– А что насчет рисунков в больницах? – спросил Фрост.
– Я говорила вам, Хоуп нравилось общаться с мамочками. Думаю, она что-то искала, нечто, что ускользало от нее. Ей хотелось верить, что ребенок дополнит ее. Она видела радость на лицах мамочек, и это была та самая радость, которую ей так и не удалось найти. После разговоров с ними и делала эти рисунки. Все по памяти. Потом она убеждалась, что рисунок попал к мамочке, а копии сохраняла. И делала копии для меня. Однако она рисовала только девочек. Для себя она не хотела ничего, кроме дочери. Она создала десятки портретов.
Десятки.
Хоуп навестила каждую мать. Возможно, даже держала на руках каждую малышку. И все они в списке убийцы. Каттер далек от завершения, и его надо остановить. Сейчас у них хотя бы есть веская улика, которая поможет связать его с каждым убийством. Они смогут арестовать его. Если найдут.
– У вас сохранились копии рисунков? – спросил Фрост.
Джозефин кивнула.
– Да, я храню их в альбоме.
– Мне очень нужно забрать у вас этот альбом, – сказал он.
На лице Стиллман отразилась тоска.
– Знаю. Я уже принесла его с чердака. Он в другой комнате. Сейчас принесу. Я собиралась сегодня звонить вам, чтобы все рассказать. Я не смогла бы жить с этой тайной. Тогда, поверьте мне, я не догадывалась, что эти рисунки важны. Даже в голову такая мысль не приходила. Если бы я поняла, что затеял Руди, я бы обязательно кому-нибудь рассказала.
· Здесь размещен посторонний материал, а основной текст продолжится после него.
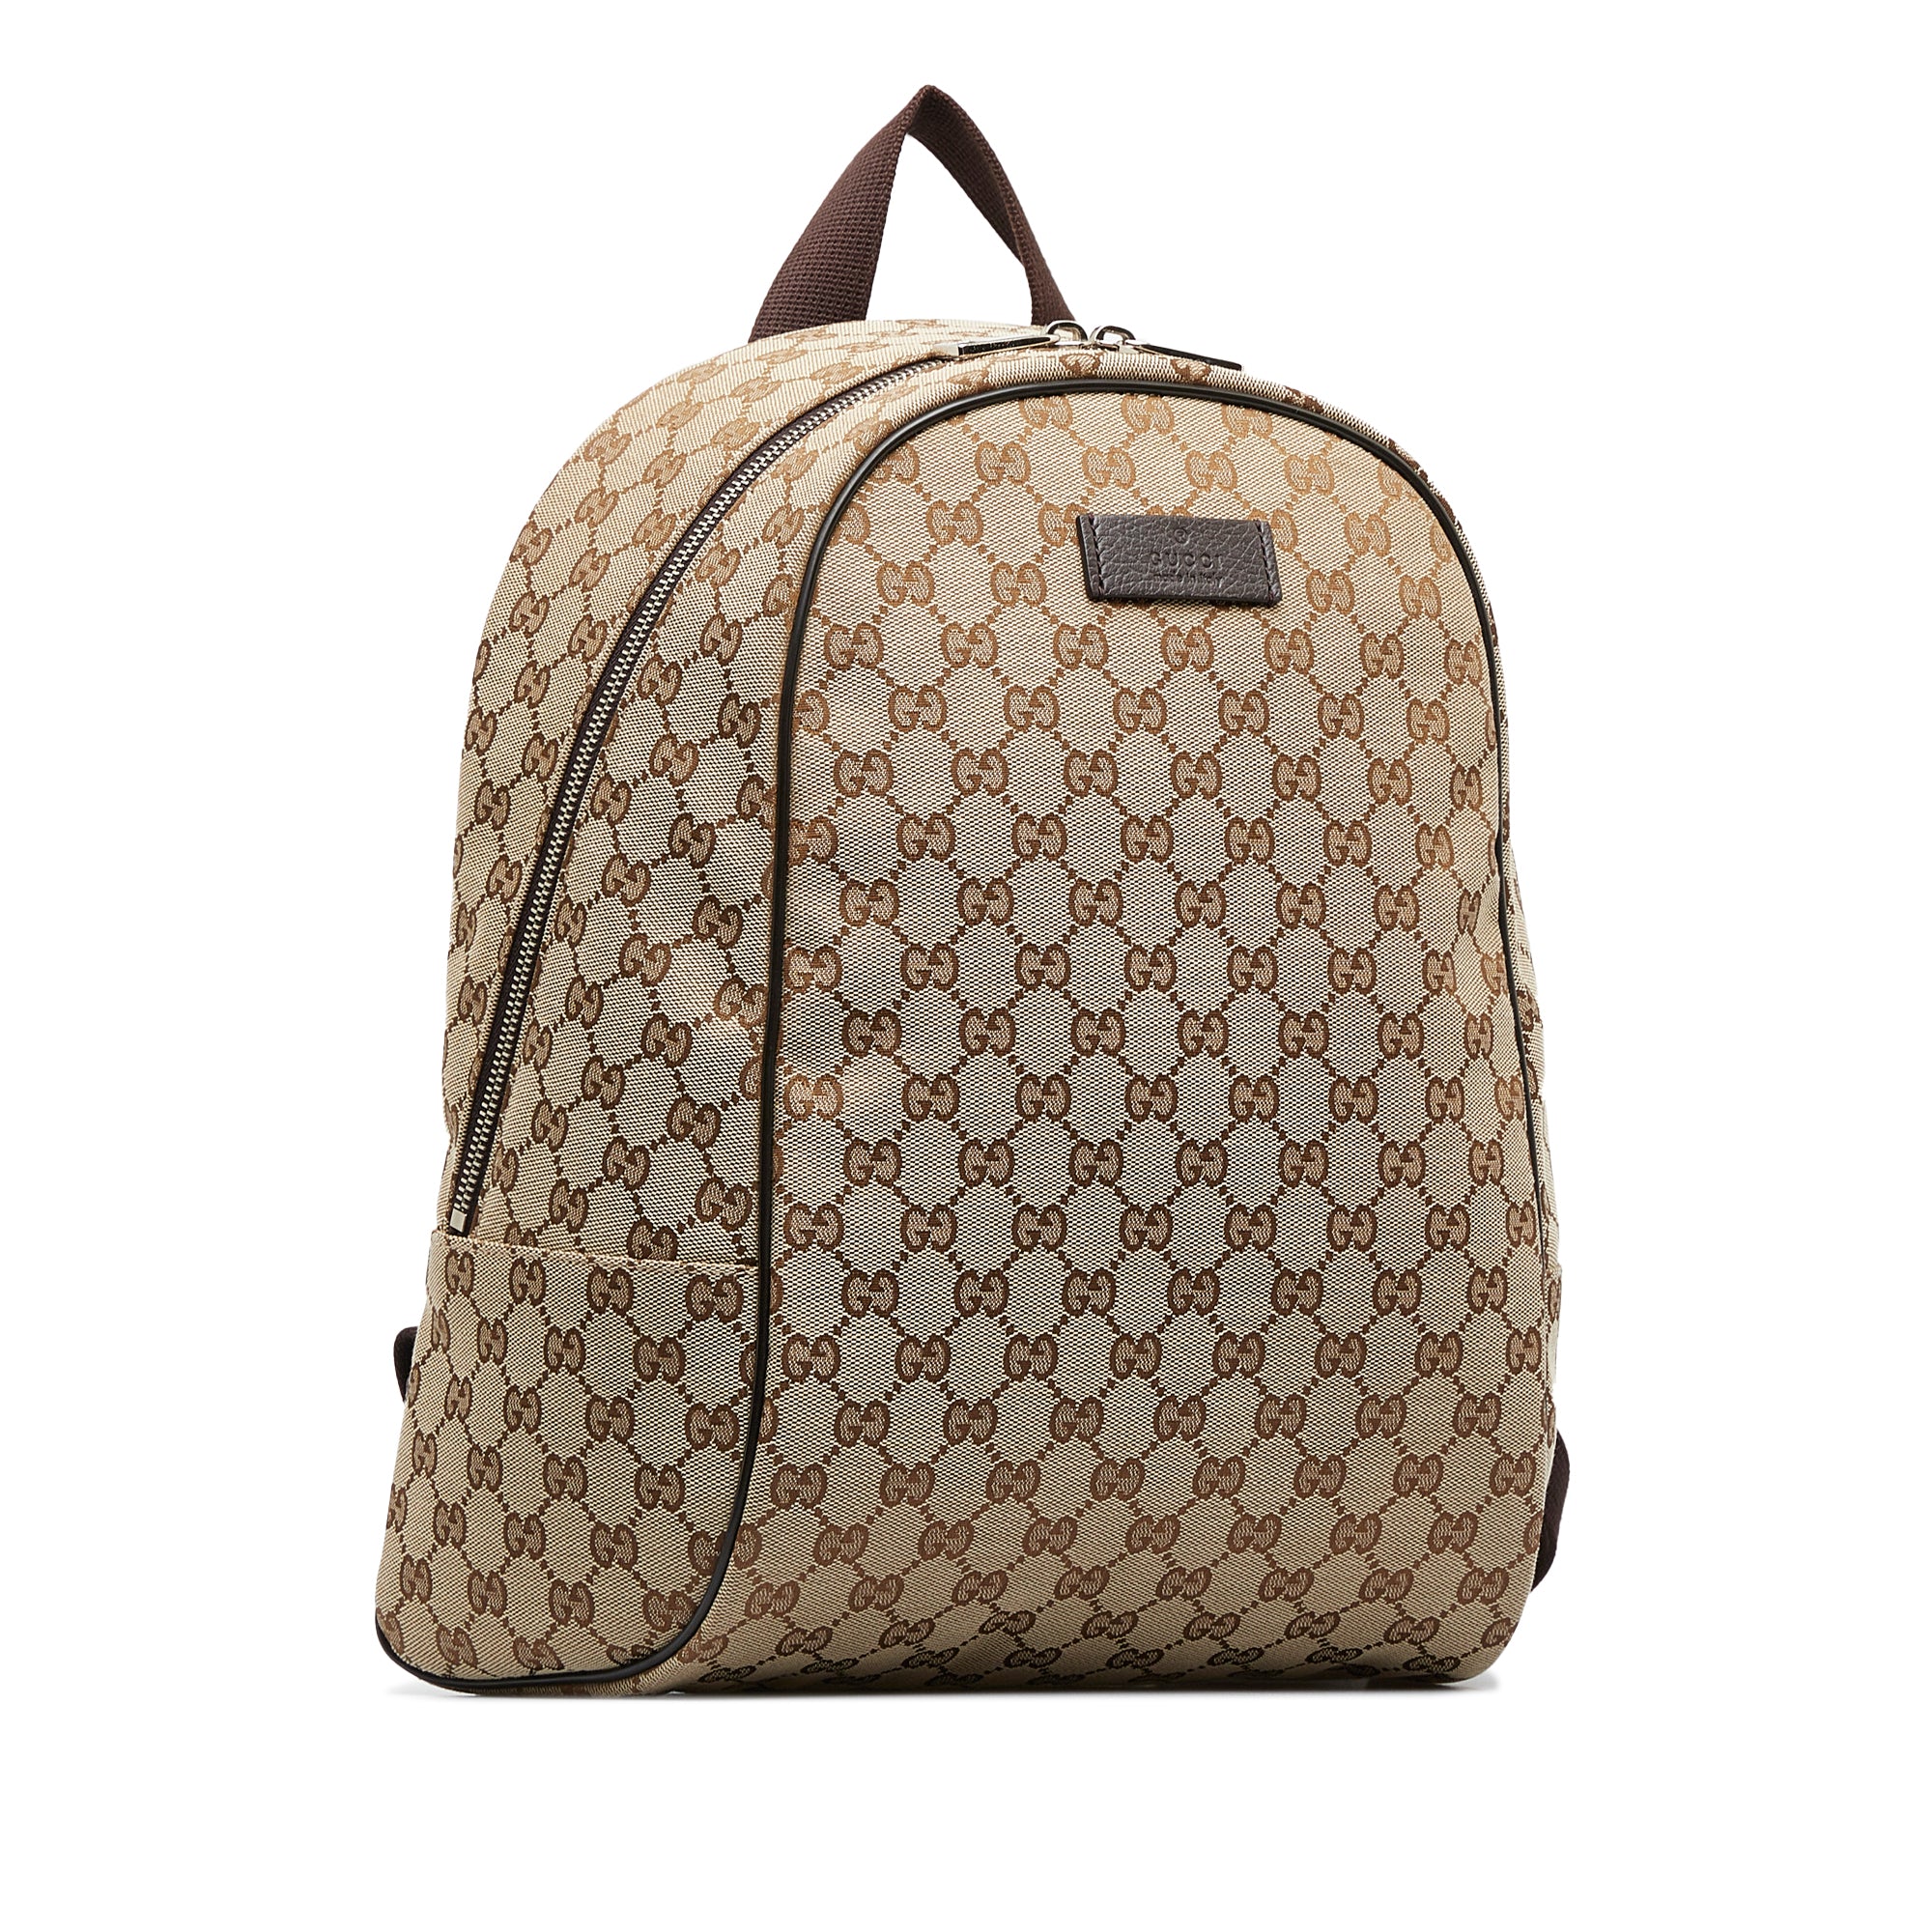 Gucci Brown Monogram Canvas Travel Backpack 
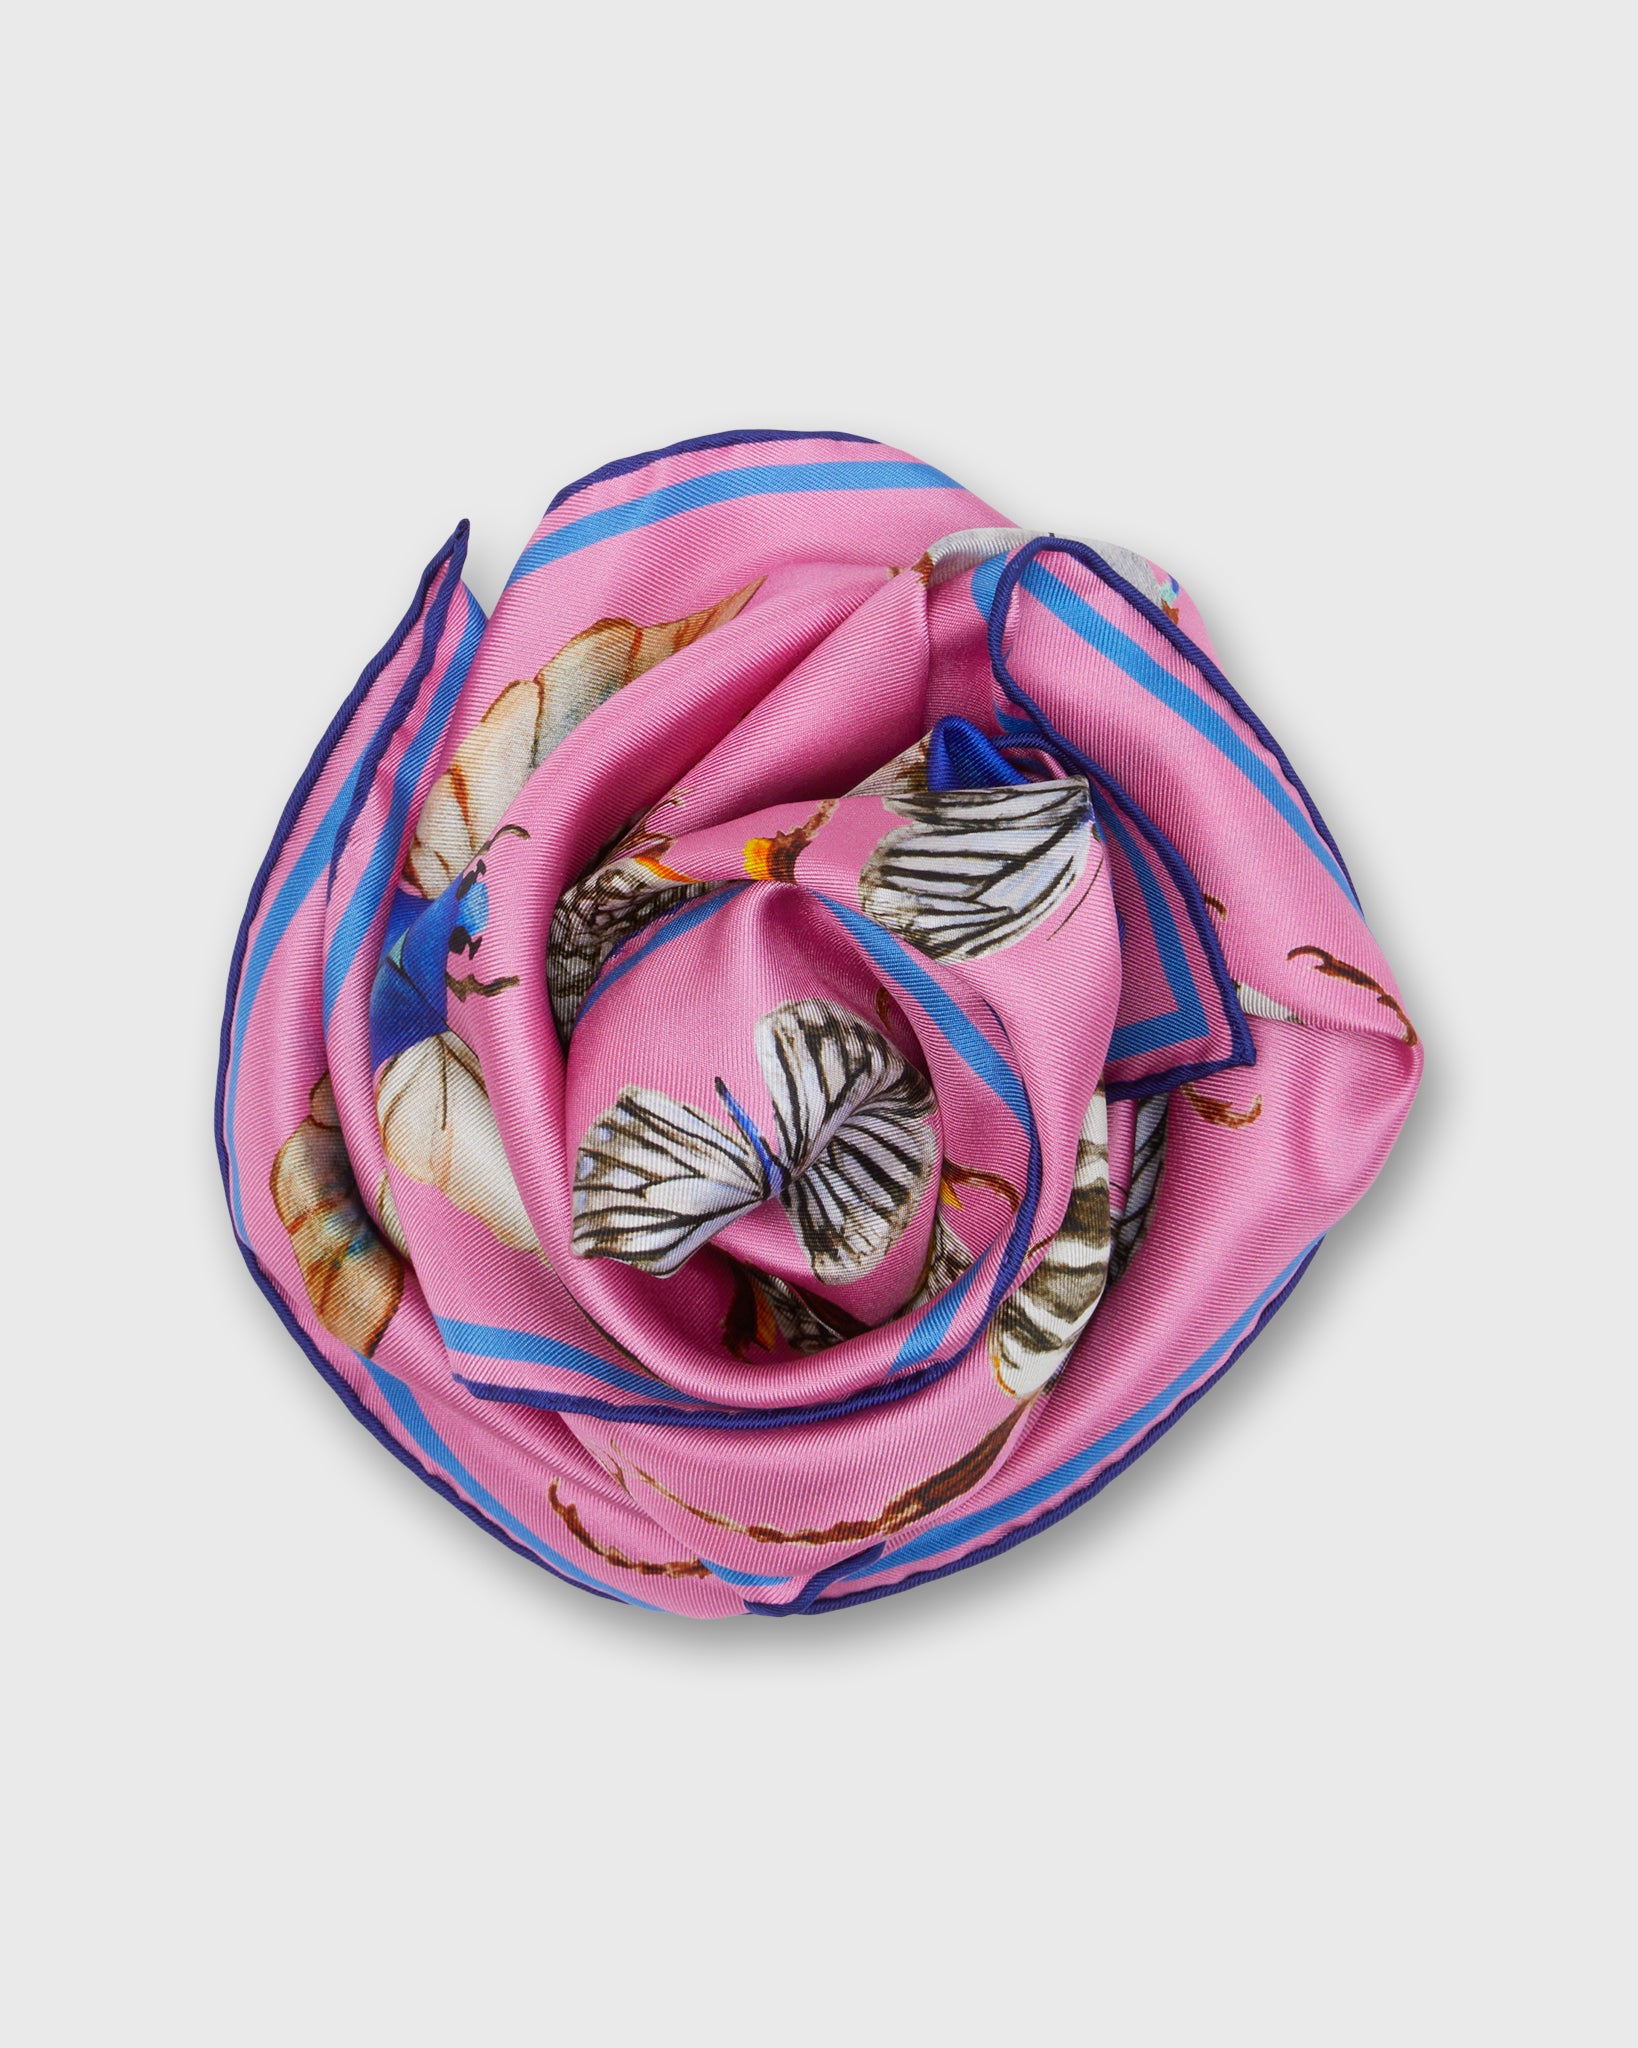 Bugs Square Scarf in Key West Pink

Фрост усомнился в том, что это так, но сейчас это не имело значения.
Значение имели лица, имена и даты рождения на рисунках.
Джозефин вышла из комнаты. Фрост ждал возле камина с Хоуп. Он чувствовал, что она наблюдает за ним. Она каким-то странным образом оживала на этом портрете. Но уже без своего безумия; оно ухитрилось перебраться в сознание Руди Каттера.
Вернулась Джозефин с маленьким альбомом для фотографий, который она держала обеими руками. Она протянула его Фросту, и тот осторожно взял его. От альбома пахло плесенью, на корешке была пыль. Бережно открыв его, он обнаружил только черные страницы с грубыми, необработанными краями. Не было ни уголков, ни прозрачной пленки. Рисунки Хоуп были аккуратно приклеены клейкой лентой к каждой странице. Они были одинаковыми и в то же время разными. Бумага и лента высохли и крошились; чернила поблекли.
Фрост переворачивал одну страницу за другой. Он видел лица и имена. Матерей и детей. Многие были незнакомы, но были также и те, кого он узнал. Дочери, ставшие жертвами.
«Камилль и Мелани».
«Гильда и Нина».
«Келли и Хейзел».
«Вен и Сю».
Этот альбом, покрывавшийся пылью на чердаке, уже давно мог бы все изменить. Каттер до сих пор сидел бы в тюрьме. И кто-то из жертв остался бы жив. Возможно, Кейти осталась бы жива. И Джесс.
Он перевернул следующую страницу и увидел под рисунком два имени:
«Соня и Мария».
Мария довольно распространенное имя, однако он сразу понял, что нашел Марию Лопес, просто взглянув на лицо матери. Женщина, с которой он виделся в холмах Сан-Бруно, была ее точной копией. Он нашел в телефоне данные автомобильной инспекции по различным женщинам с именем Мария Лопес, проживавшим в зоне Залива, и, уточнив дату рождения Марии Лопес из Сан-Бруно, понял, что она совпадает с датой на выцветшем рисунке.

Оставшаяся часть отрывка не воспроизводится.